Thursday, September 16, 2010

Speaking of language and framing

Framing, of course, refers to the idea that how an argument is presented affects how it's perceived by others. (A version of which I described over 35 years ago by saying that the first rule of effective communication is that what you say is not as important as what the other person hears.) Some framing, both positive ("we good") and negative ("they bad"), is done deliberately. Other framing is done unconsciously, the result of assumptions that may or may not square with logic or reality but which persist because they are unexamined. That sort of framing can be even harder to overcome, being built right into our social and political discourse. And it can lead to some really weird results.

Consider this article from DailyFinance.com:
Almost half the country opposes tax increases for the richest Americans, according to a poll suggesting that congressional Democrats are taking some risk by backing President Barack Obama's plan to boost levies on the wealthy. ...

The Associated Press-GfK Poll is stuffed with encouraging signs for the GOP. ...

By a 46 percent to 41 percent margin, people want Republicans steering the economy....

[W]hile Americans are evenly split over whether they prefer their district's Democratic or GOP congressional candidate, those likeliest to vote tilt toward the Republicans, 53 percent to 43 percent. ...

The survey showed that by 54 percent to 44 percent, most people support raising taxes on the highest earners....

Even so, the poll underscored the political pickle Democrats face in the tax fight. ...

Overall, 40 percent said the country is heading in the right direction, slightly better than last month but below the 48 percent who said so in the early months of Obama's presidency. ...

More than one in four expressed support for the conservative tea party movement....
Okay. So it's an "encouraging sign for the GOP" that by 46-41, those polled prefer GOPpers to "steer the economy" - even though that gap is well within the margin of error. And it's another good sign that the most likely voters prefer GOPpers by a 10-point margin - even though that tells you little unless you know how that support is distributed. (For example, if this so-called "enthusiasm gap" is very wide in a few places but narrow in most places, the effect on overall national totals is seriously diluted.) And it's apparently also good news for them that the percentage saying we're heading in the right direction is down from a peak - even though the pollsters own chart shows that over the last two years, that number has been trending up. And finally, it's also good news, apparently, that somewhere around 25% support the TPers - even though in another context that number would be dismissed as a "small minority."

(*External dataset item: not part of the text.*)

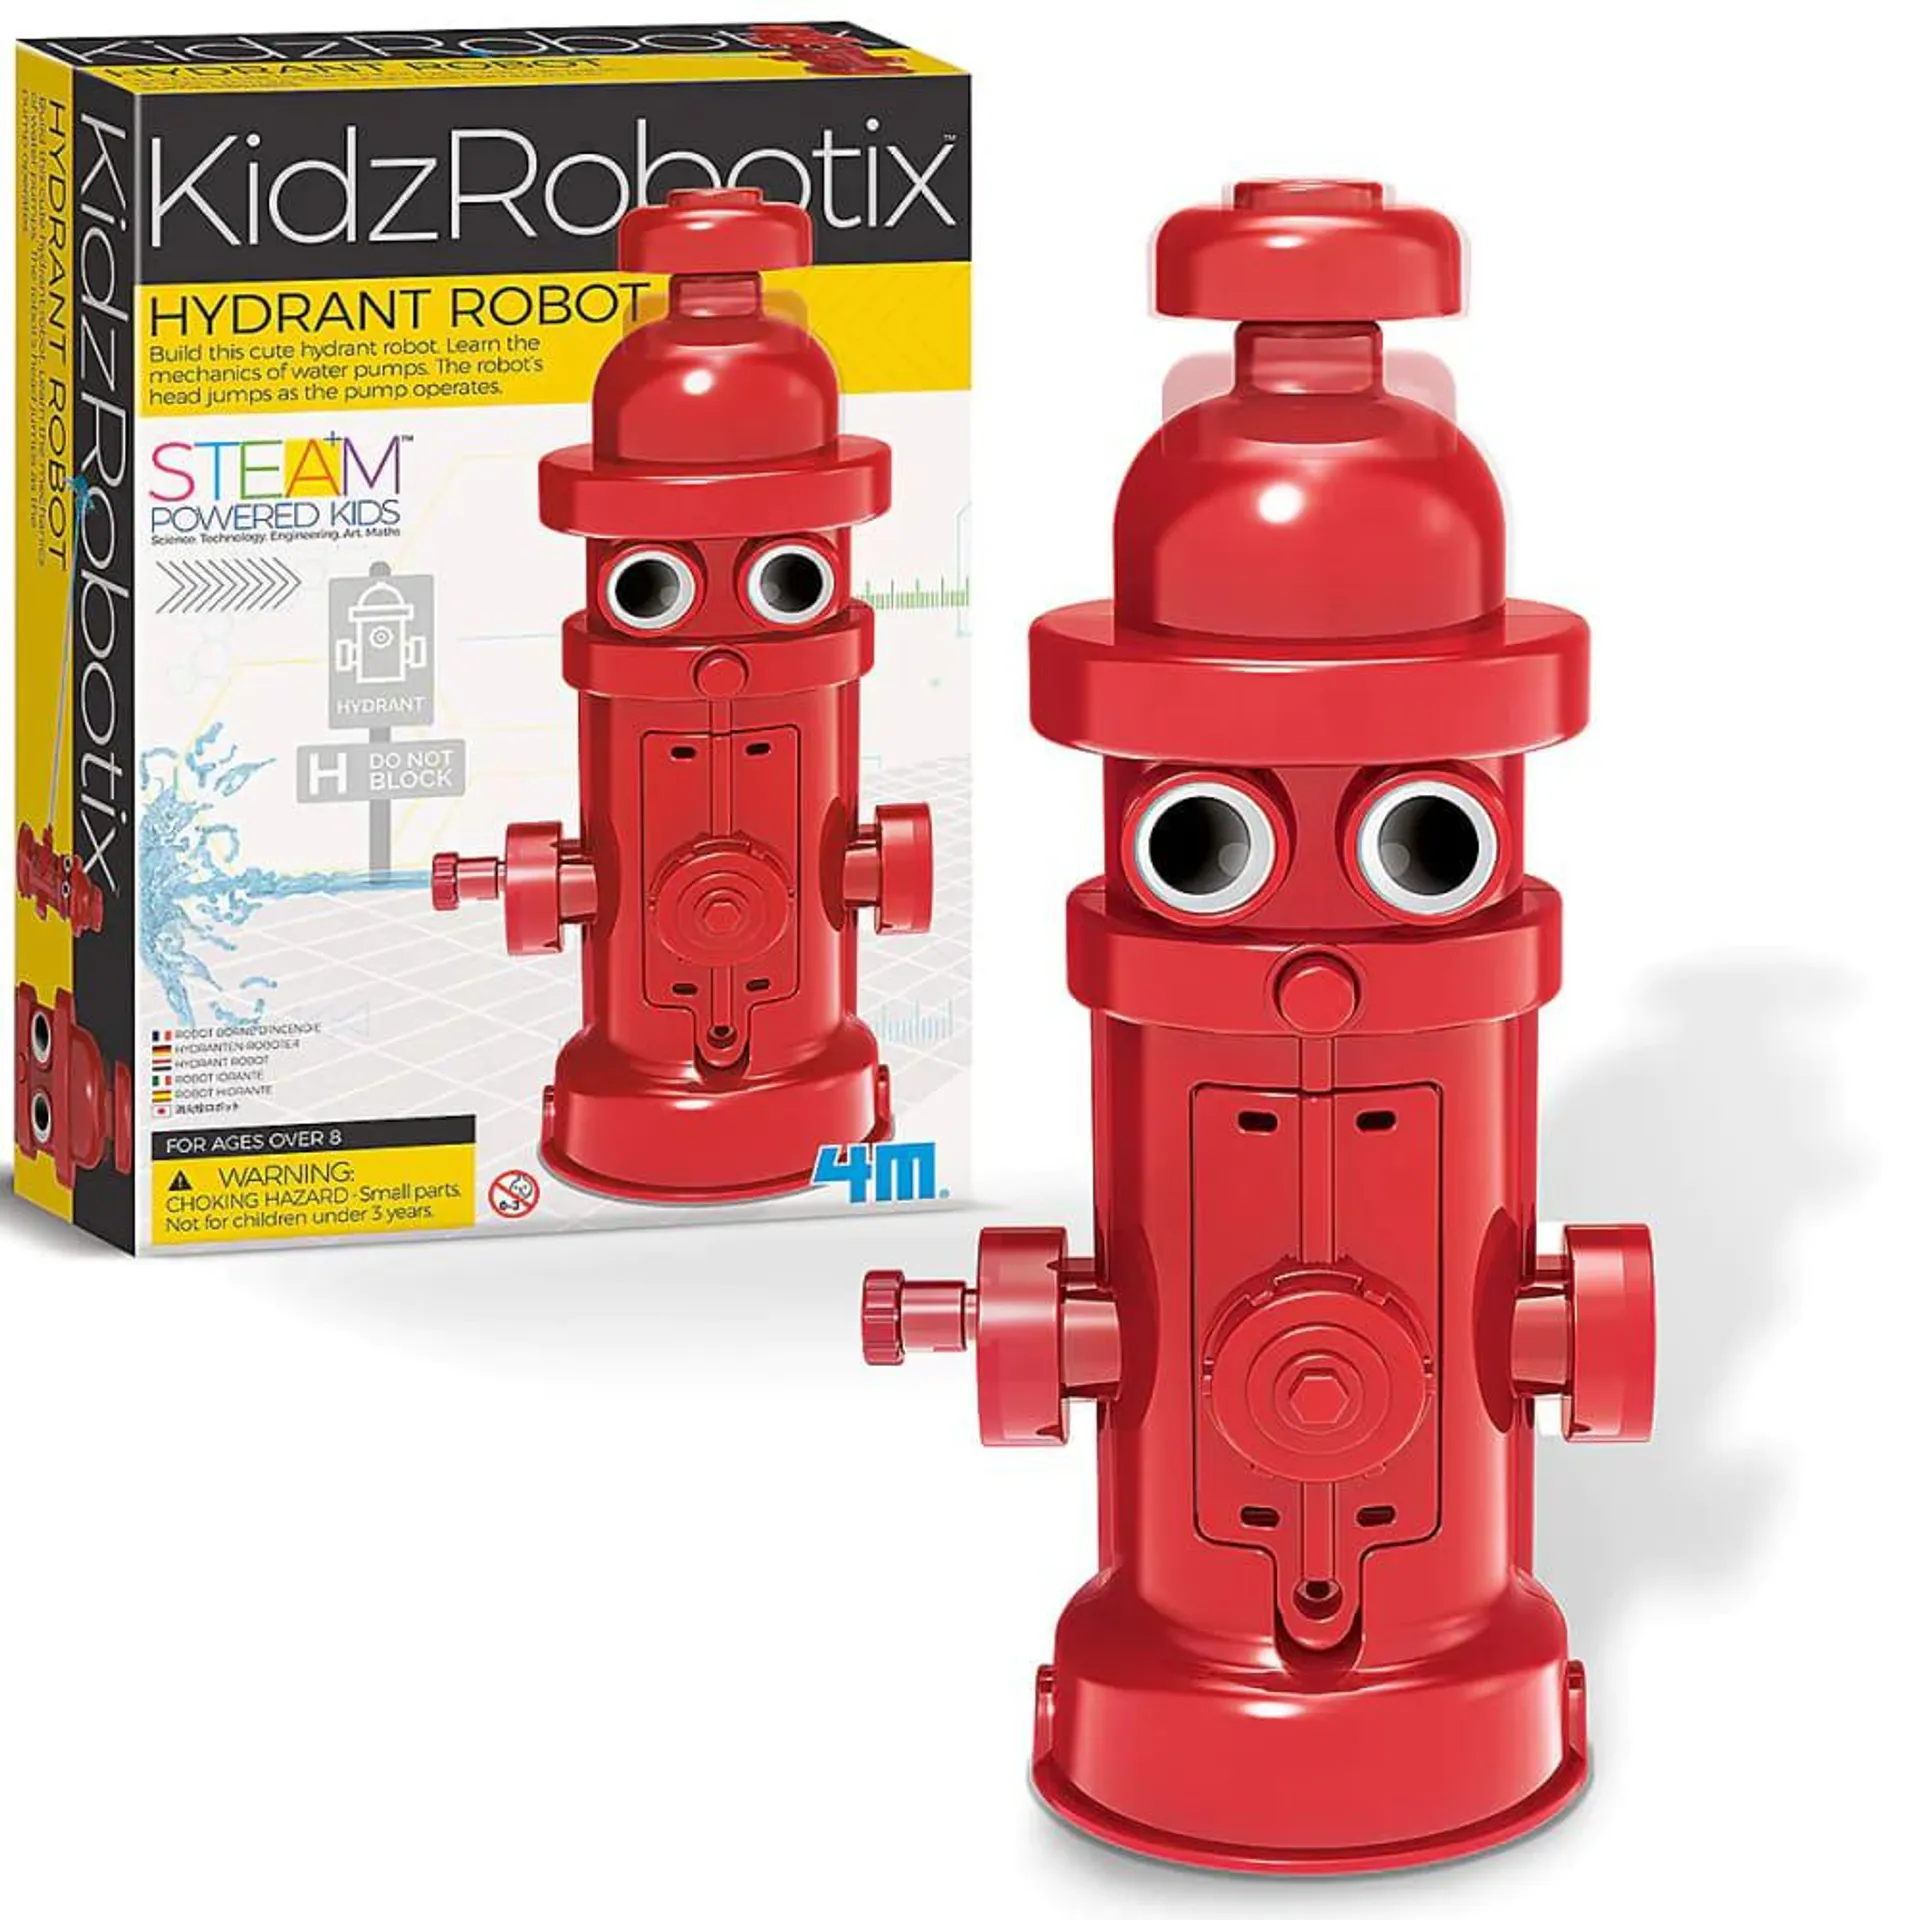 Kidz Robotix Water Hydrant

But on the other hand, now, the same poll says that by a 10-point margin, people support raising taxes on the wealthiest. Is that "good news" for Obama or Congressional Democrats? Of course not. The headline is that "almost half the country opposes" such an increase, that's it's a "risk" to support the plan and the poll "underscored the political pickle Democrats face in the tax fight" by virture of, um, having the support of the majority.

That's how the game is played. That's how unconscious framing - or as it's often called in the case of the media, "the script" - traps you in your own assumptions in a way that can produce inanity. The script this year is "Republicans are rolling, Democrats are doomed" and everything, just everything, has to be fit into that pattern even when it requires overstatment and contradiction to do it.

I want to emphasize that this is not about GOPpers vs. Dims, it's about the failure of our national media to see beyond the limits of their own assumptions and the distorted coverage of events, trends, and issues that generates. It is surely not meant to endorse Dimcrats, especially when they are so totally gutless that the party leaders in Congress won't even commit to having a vote on the matter before the elections. (As a sidebar, the same fate - a "keep your head down" cowardly refusal to act before the election - may well befall a new nuclear arms control treaty negotiated in April by Obama and Russian President Dmitry Medvedev even though it just passed the Senate Foreign Relations Committee by a vote of 14-4, including three Republicans in the majority.)

And by the way, another finding in the poll was that
[t]wenty-six percent of Democrats said they are excited about politics, compared with 80 percent of Democrats who said so in a November 2008 AP-GfK Poll just after Obama's election.
Gee, I can't imagine why that would be.